25 years of Mardi Gras and he’s too weak this year to go to the parades, so we end up at a booth at the Chimes by LSU drinking pots of coffee and eating all the appetizers on the menu instead of ordering dinner. He tells me that they’re busy trying to cure him of his addiction to pain pills, a kind of a twelve step program when he only has maybe two or three faltering painful footsteps left and somehow we both laugh at this. In between mouth fulls of cheese sticks and fried boudin balls, he asks me to write his eulogy. I have known him forever and I‘ll know him forever and I don‘t want to say goodbye. (Not while he is still alive)He was and is my very best friend, a sister, a soul mate. He tells me that they say he has less than six months to live. And I don't tell him, but I know that everyday for the rest of my life will always be like the day after Mardi Gras without Gary, my life will be like a whole month of Ash Wednesdays.

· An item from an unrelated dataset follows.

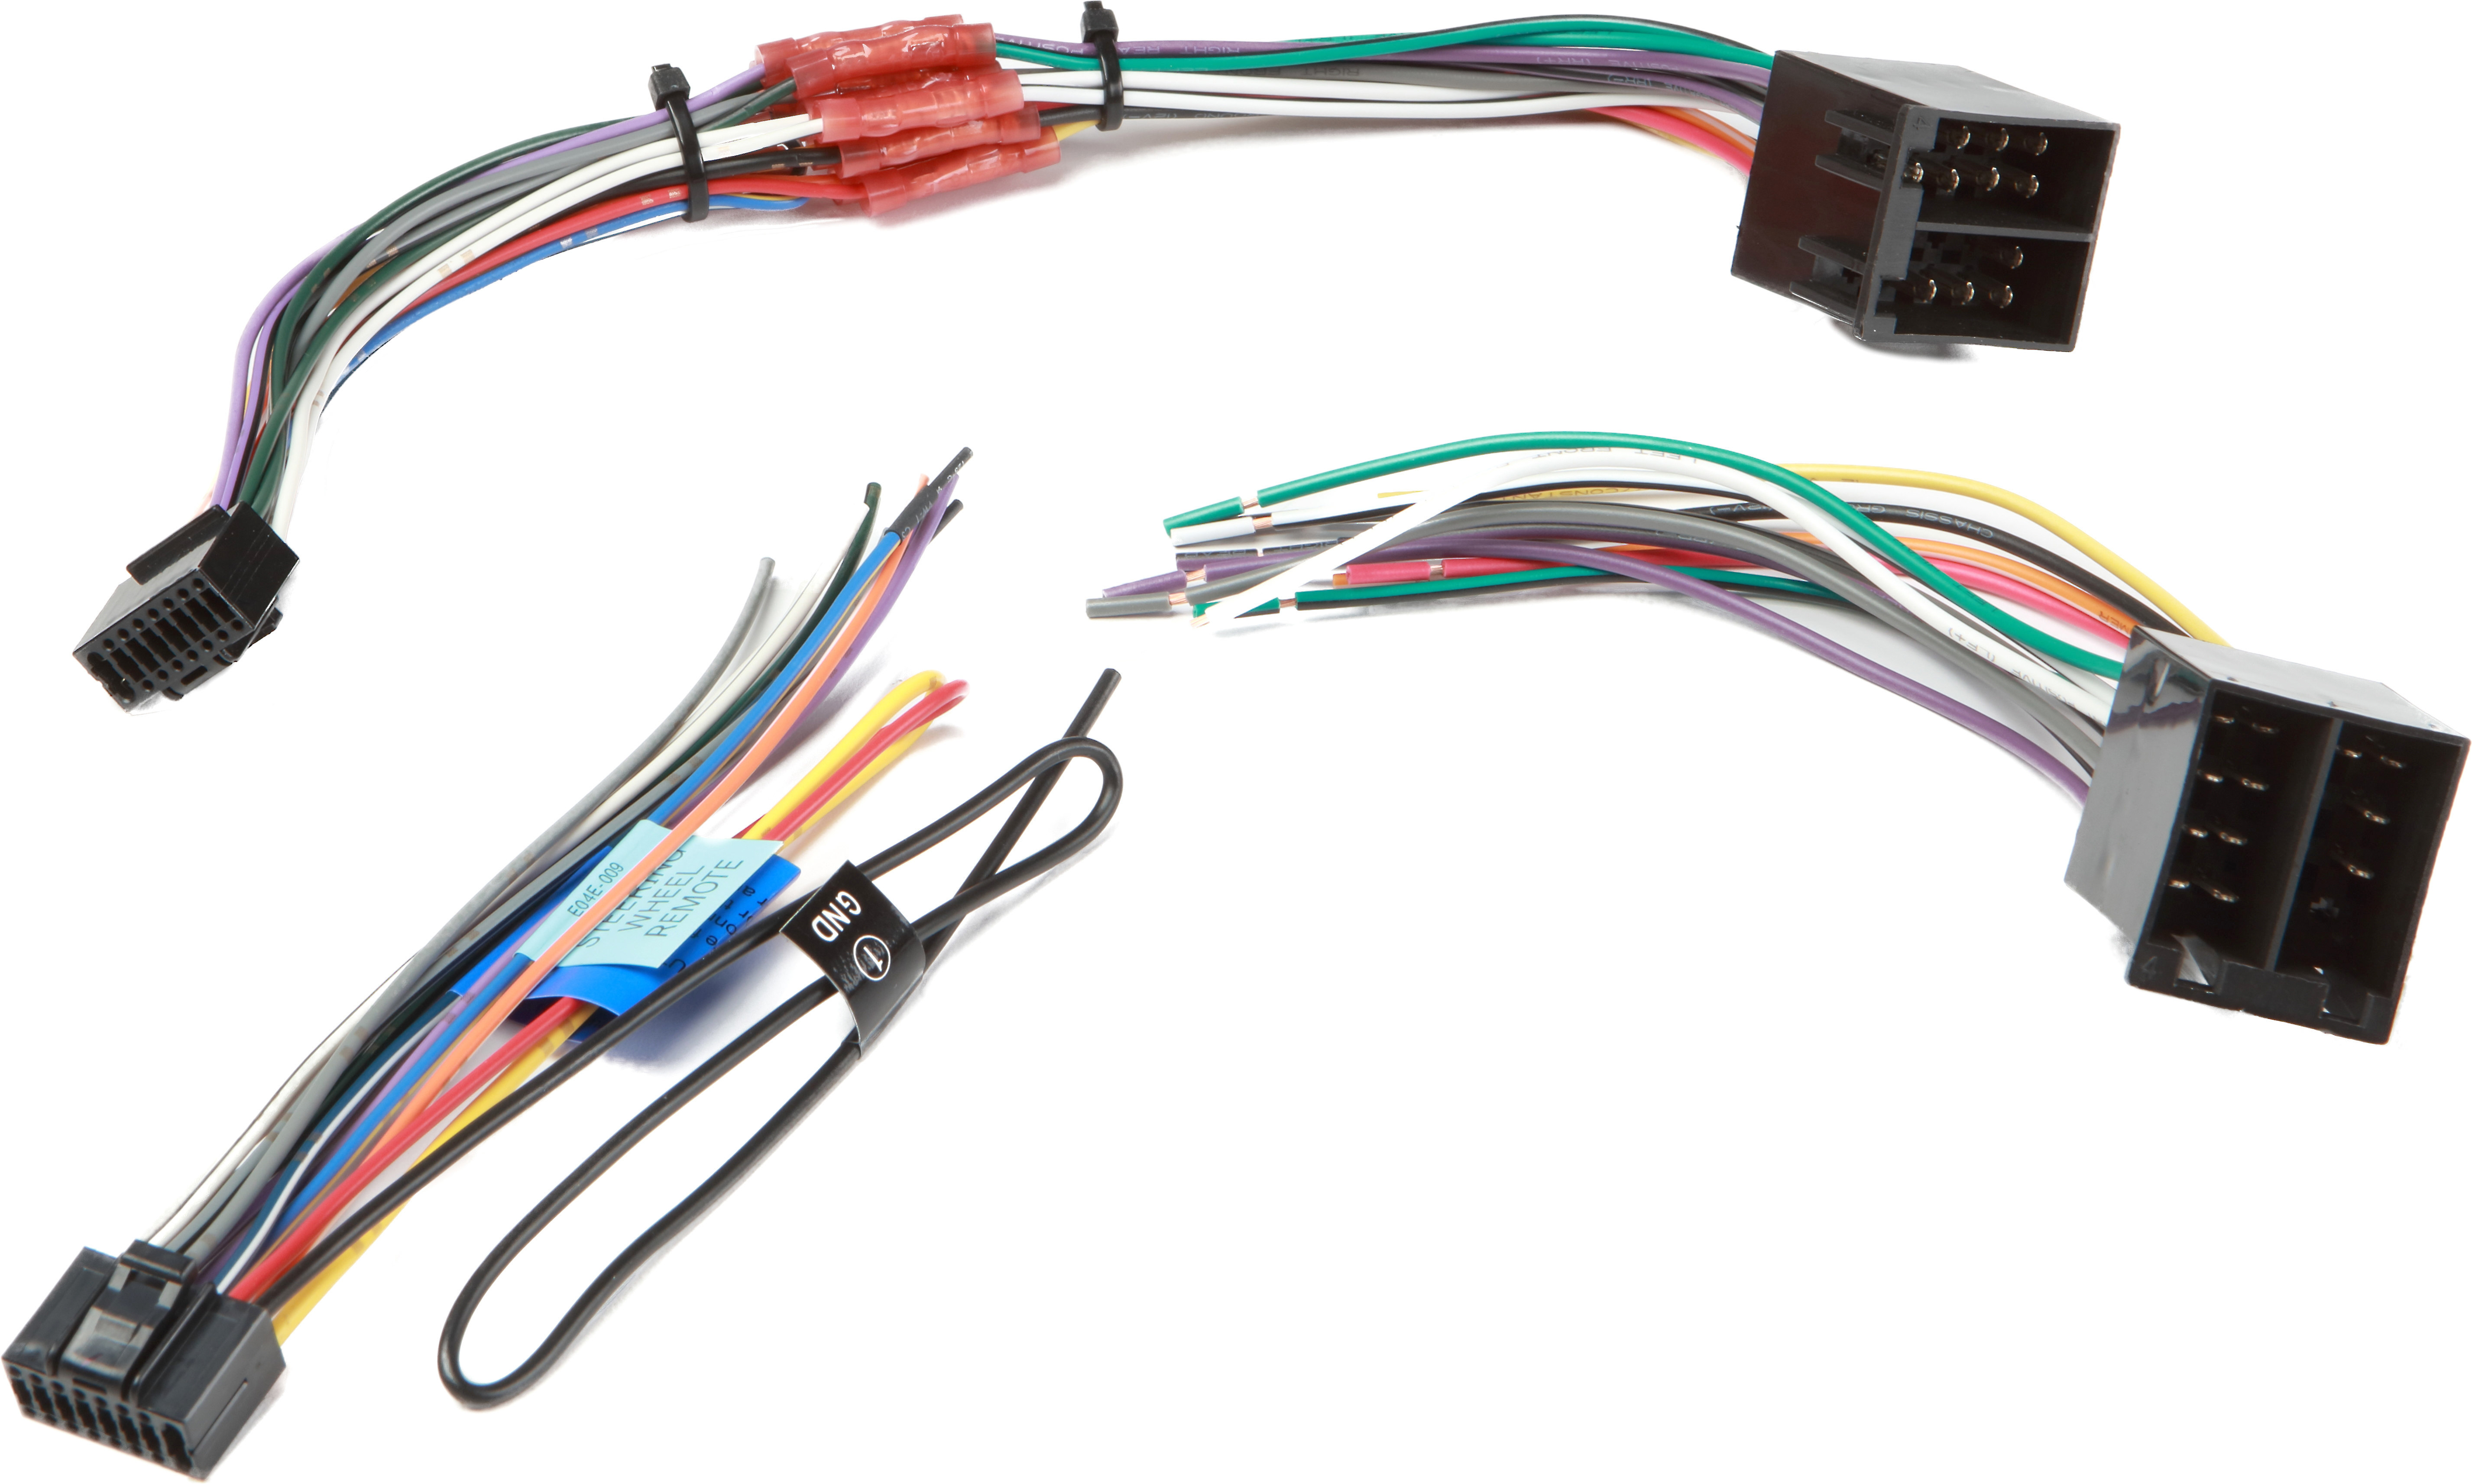 2008 Jeep Wrangler Stereo Wiring Harness from images.crutchfieldonline.com

So how do I go from Mardi Gras to death to Ash Wednesday to a eulogy? Before we left Gary took all his Mardi Gras stuff off the walls of his room and gave it to me and my son and we hugged goodbye a little longer just in case it was for the last time. I desperately don’t want to leave him, but I have a job, a home, and a sort of (misfit) life 400 miles away. I head west through Port Allen over the new Mississippi River bridge and finally due north. It starts to storm and I start to cry, the windshield wipers need replacing, and I can’t wipe my eyes fast enough to see, so we stop in Natchitoches. Eddie my son purchases crawfish pies, Kleenex, and wiper blades and we eat and cry and talk and do the needed repairs. Somehow I make it home over the next seven hours and I try to think of ways for him to live, and I refuse to write this damn eulogy, or say goodbye. I get home and hang up the feathers and the mask and the beads and all the pretty stuff he gave me that he’s collected over the years. It’s decorating my bedroom and I wake up in the middle of the night staring at a purple sequined mask with his face hiding somewhere behind it in my dream/wake state and with the dull nagging voice of my unconscious saying, “What will you do without him?” I don’t know. And I'm thinking that if I was there with him that I might be able to nurse him back to health, to some sort of remission, and I feel guilty and sad and angry. He took care of me for so many years. He fed me and clothed and let me stay with him when I had no place to go. He bought all my son's baby clothes years ago when we had no money. He was the best friend you could ever hope for when you were down and out. And now it's another rainy Ash Wednesday and I don't know how to help him.


Frankie (another extended family friend) died on this past Christmas Day of HIV complications. They put him in a hospital right at the end, that’s the way they do it and you’re very lucky if you don’t die out on the street or on a family member’s spare couch because hardly anyone gets treatment. So many of us are dying now of HIV, Hepatitis B or C, chemical industry related cancers, that they barely manage to dispose of our bodies, nobody can afford burials or funeral services anymore, it’s too expensive, just a quick cremation, and the ashes go to who ever loved you the most or has the most clout in the family. There’ll be no grave markers or tombstones for any of us, you’ll never know we existed at all; I don’t know if that is good or bad, it’s just the way it is right now. Whole families decimated. This is Louisiana and I can almost hear the police officer/doctor/ politician/court reporter/orderly say good riddance as they zip us up in body bags and move on the next one.